Figure 3(a) shows the tracking results of Generic Particle Filtering using 100 particles in Movie 1. We can see large tracking errors. Figures 3(b) and 3(c) show spatially constrained particle filtering with only 50 particles in Movie 1 and Movie 2, which show the good tracking results. Figure 4 shows the corresponding estimated neurofilament velocities acquired by the constrained particle filtering approach with 50 particles and actual neurofilament velocities in Movie 1. Thus, we can see that generic particle filtering gives many tracking errors and the constrained particle filtering shows more accurate tracking performance with fewer particles.

Figure 5 shows the image frames and tracking results, only the neurofilament in the middle is moving, and we only plot the results for this one for clarity. The leading and trailing ends are marked by crosshairs in the figure. The qualitative tracking results on both sequences are quite accurate.
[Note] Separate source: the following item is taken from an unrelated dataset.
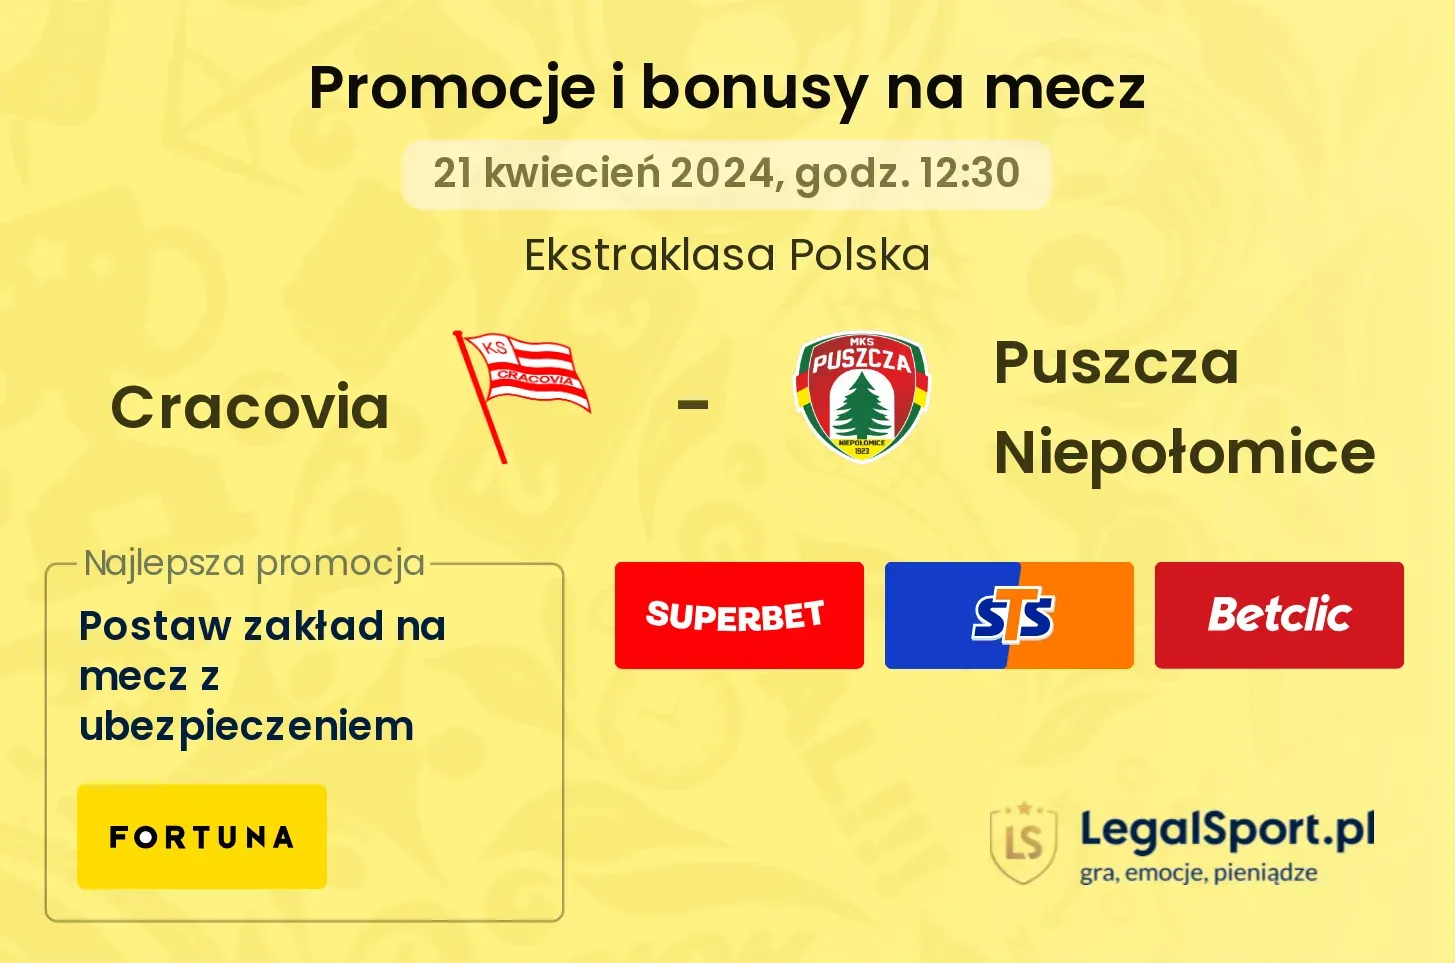 Cracovia - Puszcza Niepołomice promocje bonusy na mecz
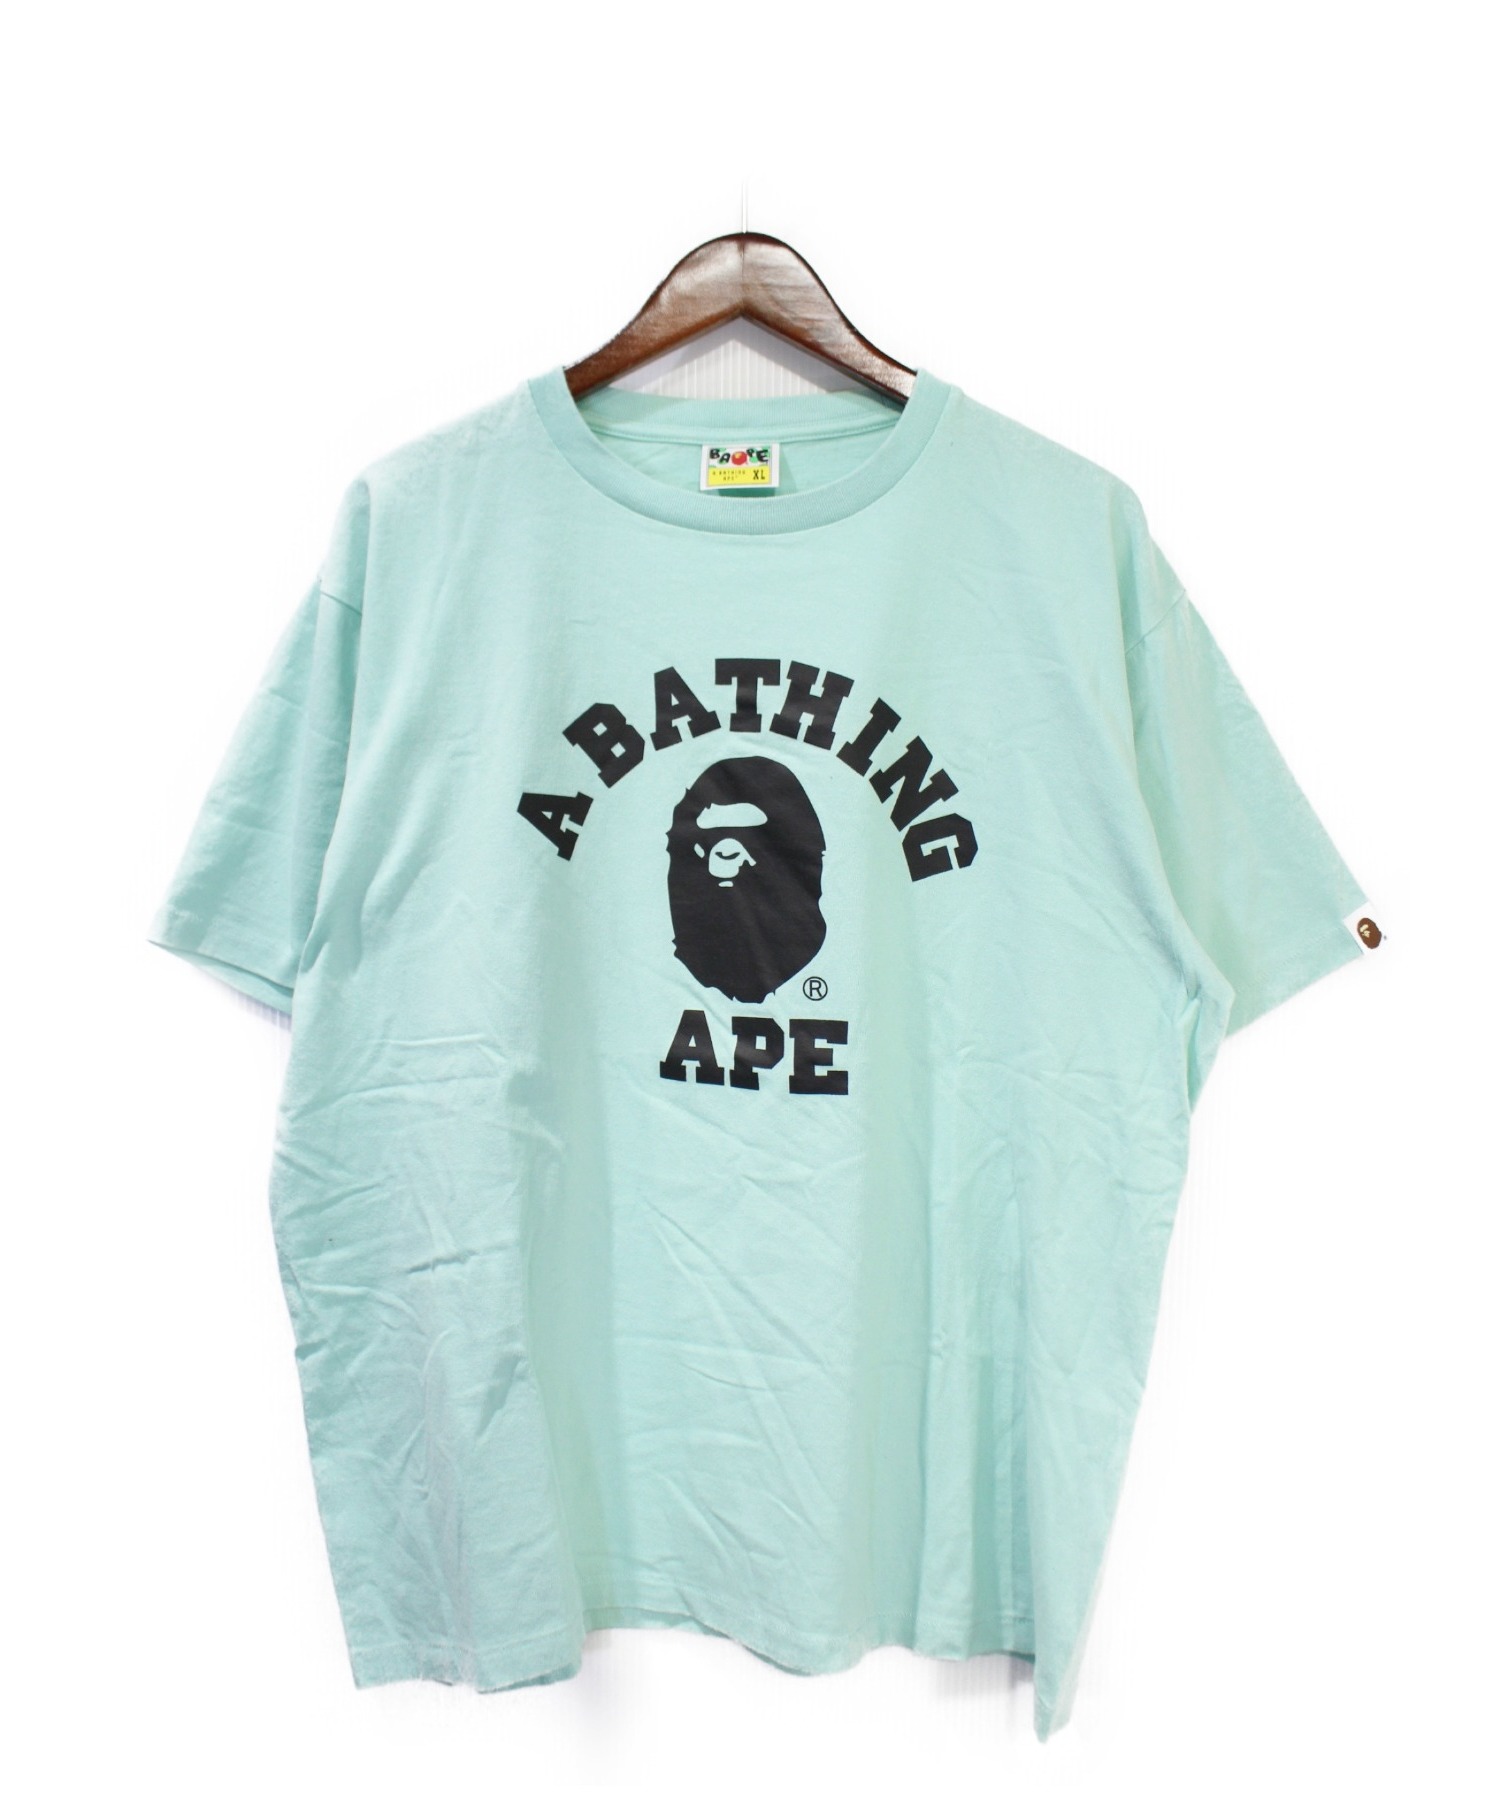 A BATHING APE (アベイシングエイプ) プリントTシャツ ターコイズ サイズ:XL

Figure 6 shows that the neurofilament velocities between manual labeled method and our method for Movie 1. The calculated velocities from our method are very close to the manually labeled results. Moreover, comparing the tracking results of two methods in Movie 1 in Figures 4 and 6, we find that the tracking-by-detection is more accurate than particle filtering approach.

The runtime performance is important for the throughput of neurology analysis. For our current prototype implementation using Python running on a laptop with 2.6 GHz i7 processor and 8 GB RAM, the average durations for processing one frame are around 3 seconds and 0.2 seconds for the particle filtering and tracking-by-detection approaches, respectively. The latter is more computationally efficient. We expect that a reimplementation using low-level programming language and GPGPU techniques can dramatically improve the runtime performance of the tracking-by-detection approach and makes it practically useful for high-throughput neurofilament movement analysis.

6. Conclusions

In this paper, we propose two tracking approaches for neurofilament movement analysis based on particle filtering and tracking-by-detection. For the constrained particle filtering approach, we combine two constraints of the orientation and position into the generic particle filtering algorithm such that the tracking accuracy and efficiency are largely improved. For the tracking-by-detection approach, we model the detection problem as a Markov random field and use graph cut algorithm to solve the detection problem efficiently. Experiment results on fluorescence microscopy images of neurofilament movement demonstrate that both particle filtering and tracking-by-detection based approaches can achieve the satisfactory performance, but the latter has better tracking accuracy.

Conflict of Interests

The authors declare that there is no conflict of interests regarding the publication of this paper.

Acknowledgments

The authors thank Professor Anthony Brown at The Ohio State University for providing the fluorescence microscopy data used in this paper. Liang Yuan’s work is supported by grants from the National Science Foundation of China (Grant no. 61262059) and Scientific Research Foundation for Returned Scholars, Ministry of Education of China. Junda Zhu’s work is partially supported by Start-Up Grant and Multi-Year Research Grant (MYRG2014-00072-FST) from the Research Council University of Macau.